Once a node is assigned to the interactive SLURM job, Apache Spark can be loaded and the Spark Shell called.

Loading the Apache Spark module and calling the Apache Spark interactive shell:

The following commands will load the spark/3.1.1 module and setup the Apach Spark Spack environment.

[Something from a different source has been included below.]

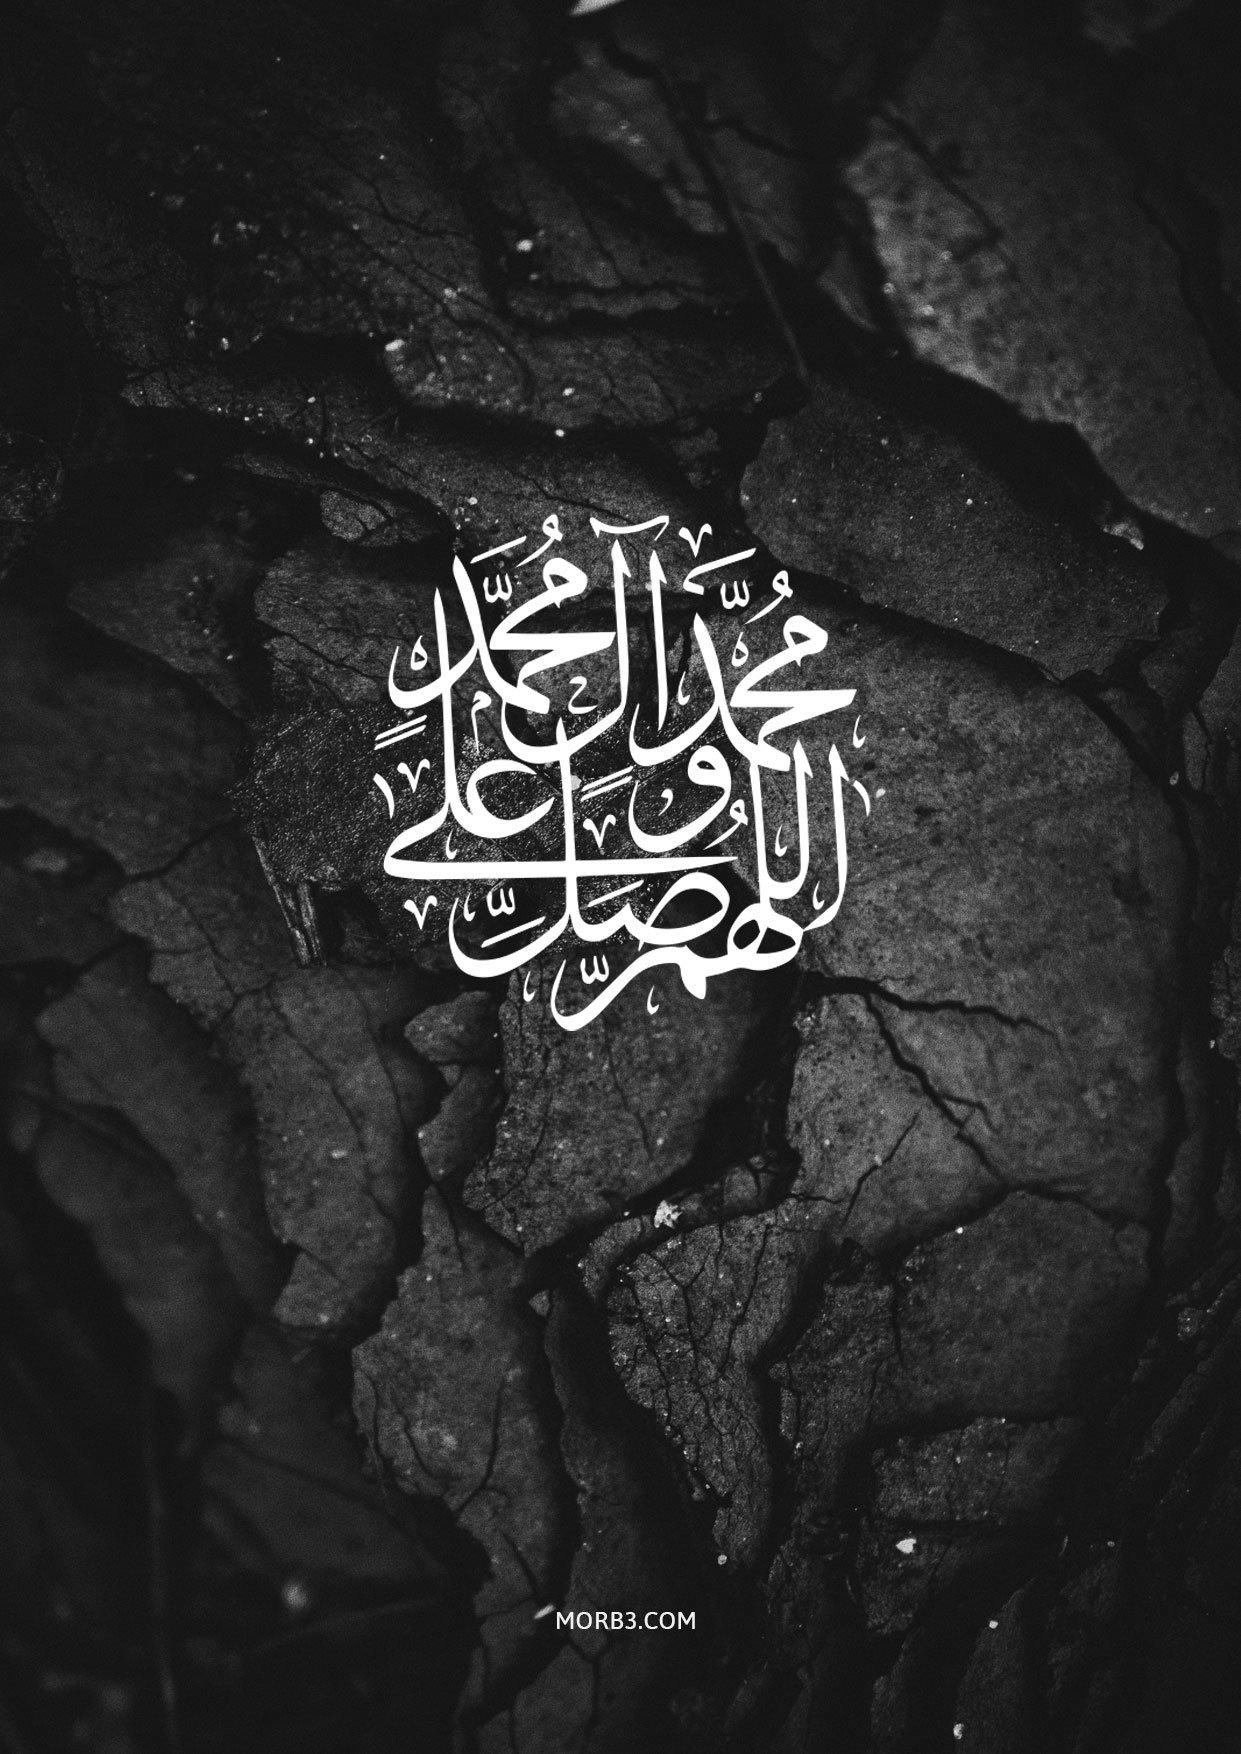 صور خلفيات سوداء اسلامية للموبايل ايفون Hd 2020 اللهم صلى على سيدنا محمد مربع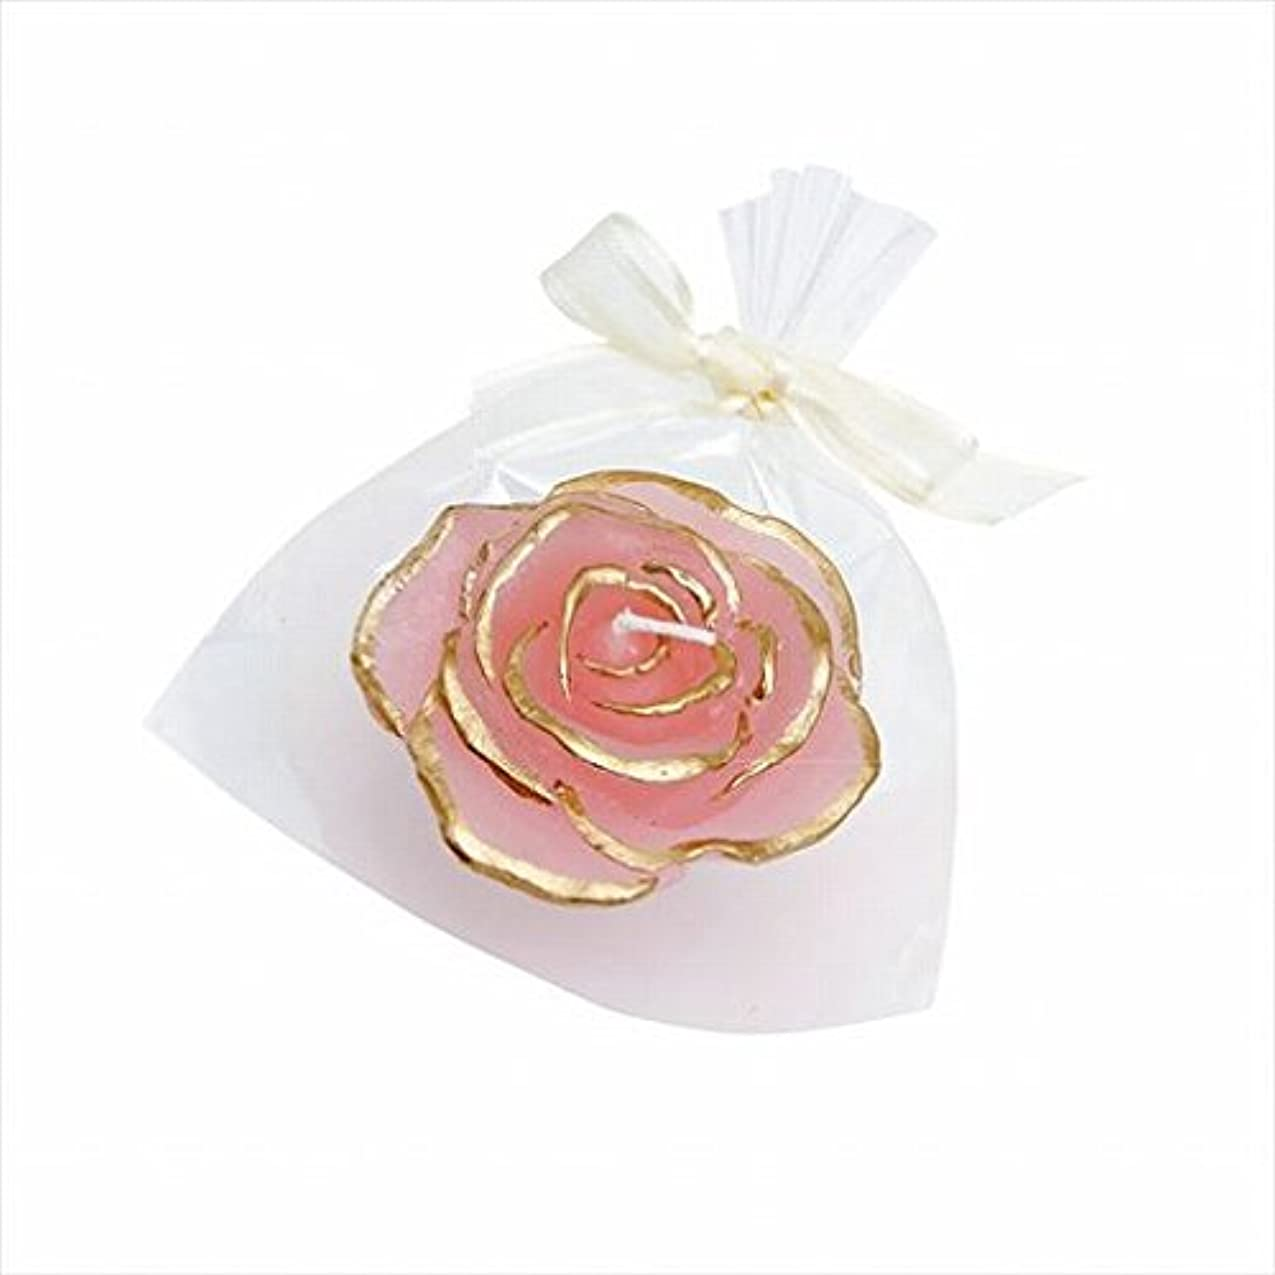 潜水艦緩むくしゃくしゃカメヤマキャンドル(kameyama candle) プリンセスローズ 「 ピンク 」

[netid@cnXX ~]$ module load spark/3.1.1
[netid@cnXX ~]$ source /gpfs/sharedfs1/admin/hpc2.0/apps/spark/3.1.1/spack/share/spack/setup-env.sh
[netid@cnXX ~]$ spack load spark
[netid@cnXX ~]$ spark-shell

The Apache Spark Shell will load but provide warning messages:

WARNING: An illegal reflective access operation has occurred
WARNING: Illegal reflective access by org.apache.spark.unsafe.Platform (file:/gpfs/sharedfs1/admin/hpc2.0/apps/spark/3.1.1/spack/opt/spack/linux-rhel8-zen2/gcc-11.3.0/spark-3.1.1-5asotiovqn6j5vhujukzig73hoajf23s/jars/spark-unsafe_2.12-3.1.1.jar) to constructor java.nio.DirectByteBuffer(long,int)
WARNING: Please consider reporting this to the maintainers of org.apache.spark.unsafe.Platform
WARNING: Use --illegal-access=warn to enable warnings of further illegal reflective access operations
WARNING: All illegal access operations will be denied in a future release
2023-12-01 10:02:32,858 WARN util.NativeCodeLoader: Unable to load native-hadoop library for your platform... using builtin-java classes where applicable
Setting default log level to "WARN".
To adjust logging level use sc.setLogLevel(newLevel). For SparkR, use setLogLevel(newLevel).
Spark context Web UI available at http://cnXX.storrs.hpc.uconn.edu:4040
Spark context available as 'sc' (master = local[*], app id = local-1701442957118).
Spark session available as 'spark'.
Welcome to
      ____              __
     / __/__  ___ _____/ /__
    _\ \/ _ \/ _ `/ __/  '_/
   /___/ .__/\_,_/_/ /_/\_\   version 3.1.1
      /_/

Using Scala version 2.12.10 (OpenJDK 64-Bit Server VM, Java 11.0.20.1)
Type in expressions to have them evaluated.
Type :help for more information.

scala>

To quit out of spark-shell:

Welcome to
      ____              __
     / __/__  ___ _____/ /__
    _\ \/ _ \/ _ `/ __/  '_/
   /___/ .__/\_,_/_/ /_/\_\   version 3.1.1
      /_/

Using Scala version 2.12.10 (OpenJDK 64-Bit Server VM, Java 11.0.20.1)
Type in expressions to have them evaluated.
Type :help for more information.

scala> :quit